Levels of the BDNF protein in brain tissues, blood, CSF and saliva can also be detected by sandwich enzyme-linked immunosorbent assay (ELISA) [104]. There are four different types of commercial ELISA kits available for BDNF [105], including (1) kits designed to recognize pro-BDNF or mBDNF selectively; (2) antibodies against the carboxy-terminal of mBDNF; (3) monoclonal antibodies against mBDNF; and (4) monoclonal antibodies against recombinant mBDNF. The first class of ELISA kits are highly selective for each target, although the sensitivity to pro-BDNF in these kits is 0.5 ng/ml, much lower than mBDNF (5–8 pg/ml). Thus, it is not easy to achieve accurate detection of pro-BDNF in body fluids using this method. The last three routinely used kits recognize both pro-BDNF and mBDNF. Given the divergent biological functions of pro-BDNF and mBDNF, highly sensitive ELISA kits must be developed to differentiate between the BDNF isoforms. Notably, Bockaj and colleagues recently demonstrated a fast and reliable method for point-of-care quantification of circulating BDNF levels that could potentially function as a diagnostic tool [106]. Briefly, they developed a device (EndoChip) capable of detecting BDNF using only small amounts of blood collected through a finger prick. The device is a polymer-based chip with nanopores and a wrinkled gold film (electrode/sensing layer). An increase in BDNF concentration (0.1–2.0 ng/ml) causes remarkable differences in redox current.

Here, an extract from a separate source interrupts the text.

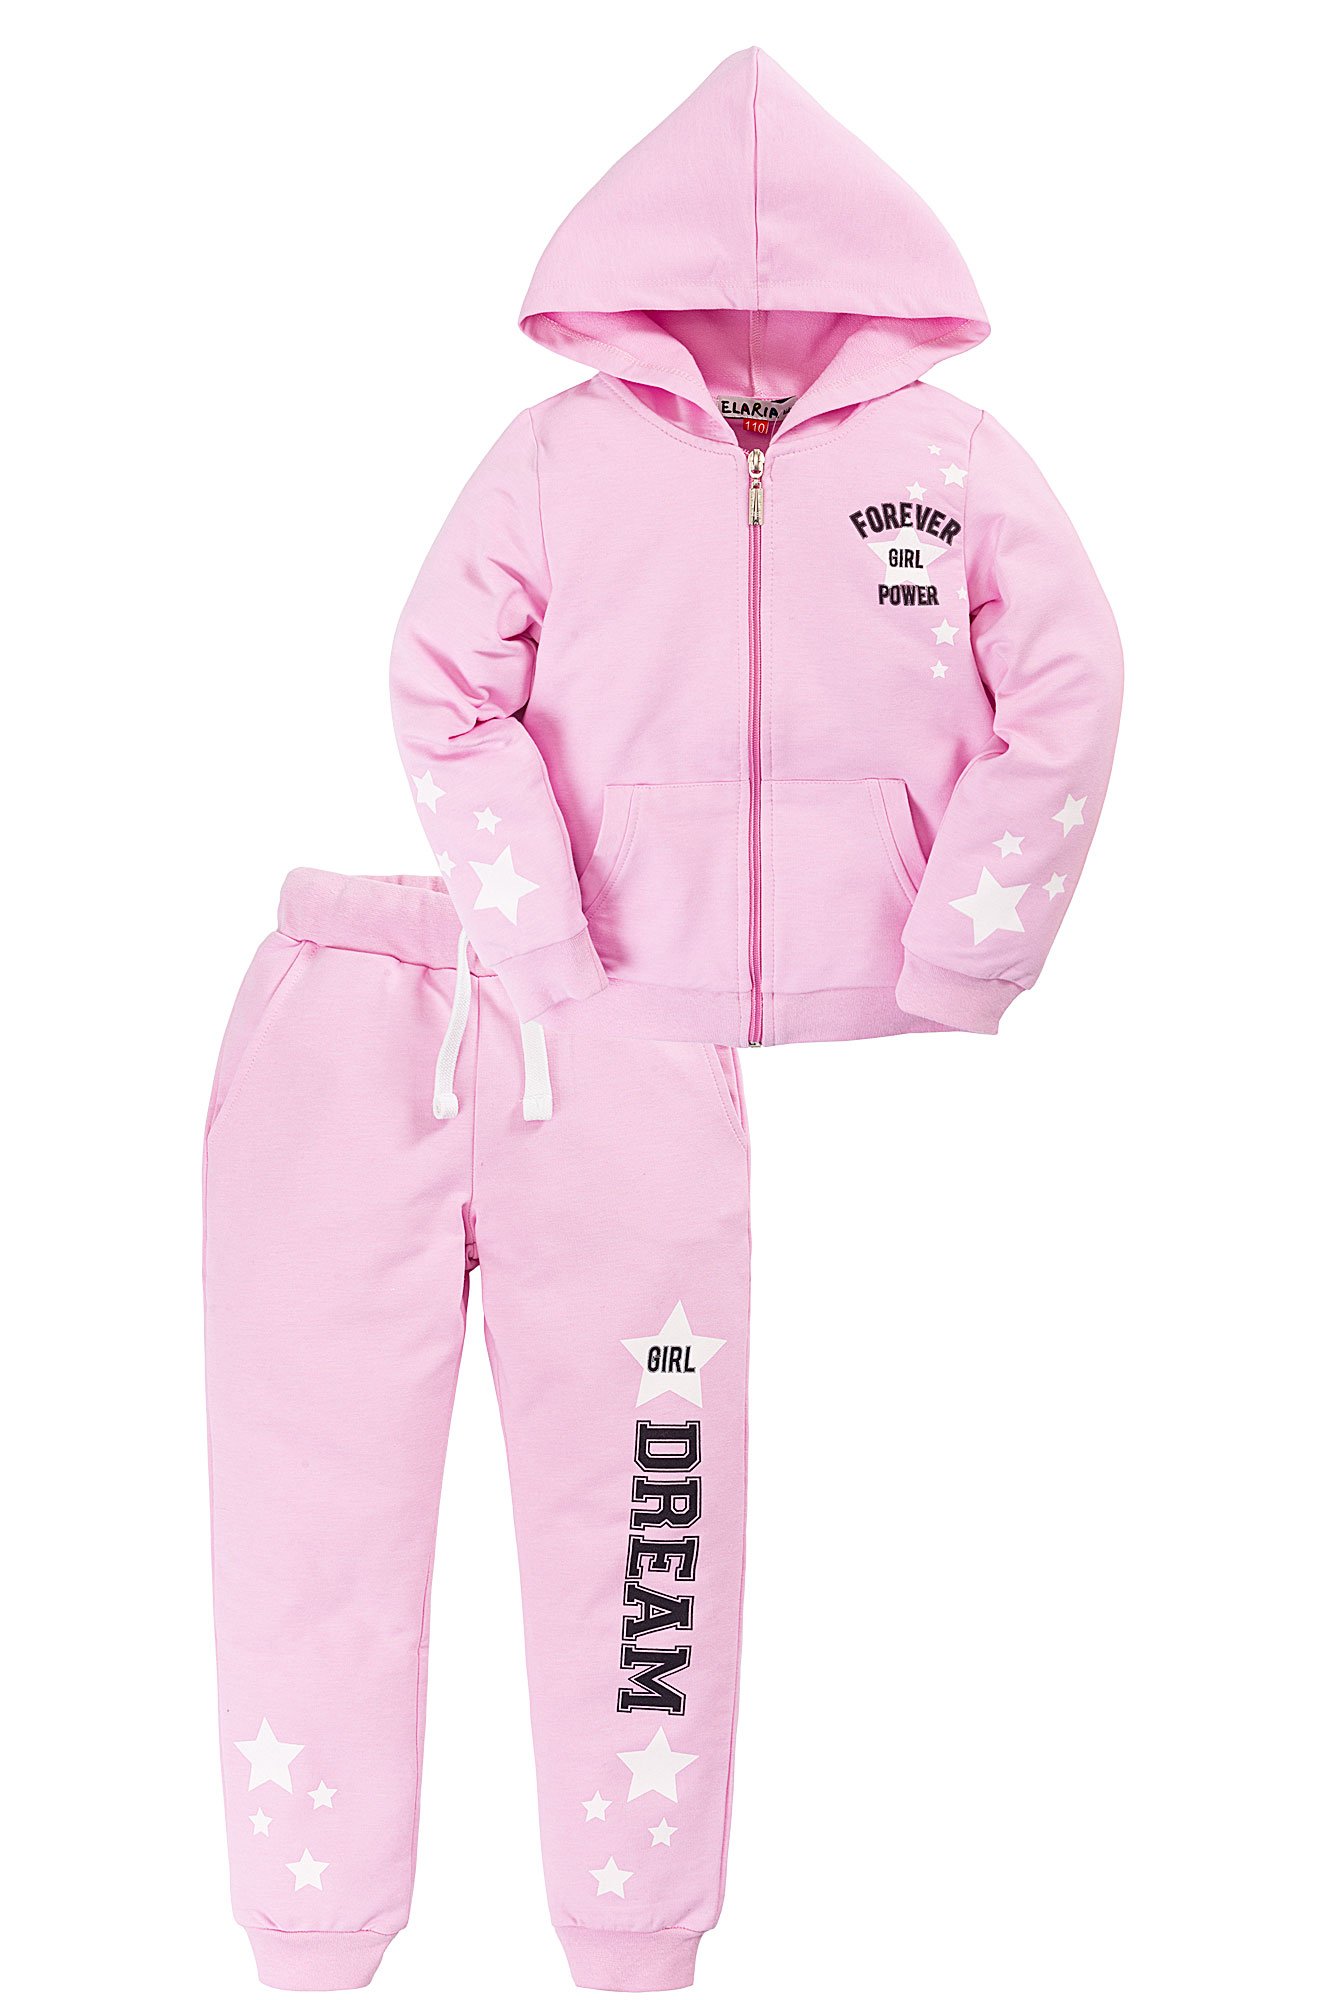 Optrf ru оптовый интернет магазин одежды. Elaria детская одежда. 617-24в-2 комплект для девочки "рада" розовый р.128-64 --. Optrf.ru. Комплект 2 предмета Elaria.

Alternatively, the levels of BDNF in brain tissues, cell lysates and media of cultures have been measured by immunoprecipitation/western blot analysis, which can clearly distinguish between pro-BDNF and mBDNF [107, 108]. A reliable measurement of low levels of endogenous pro-BDNF can also be obtained by designing monoclonal antibodies specific for the pro-domain [109].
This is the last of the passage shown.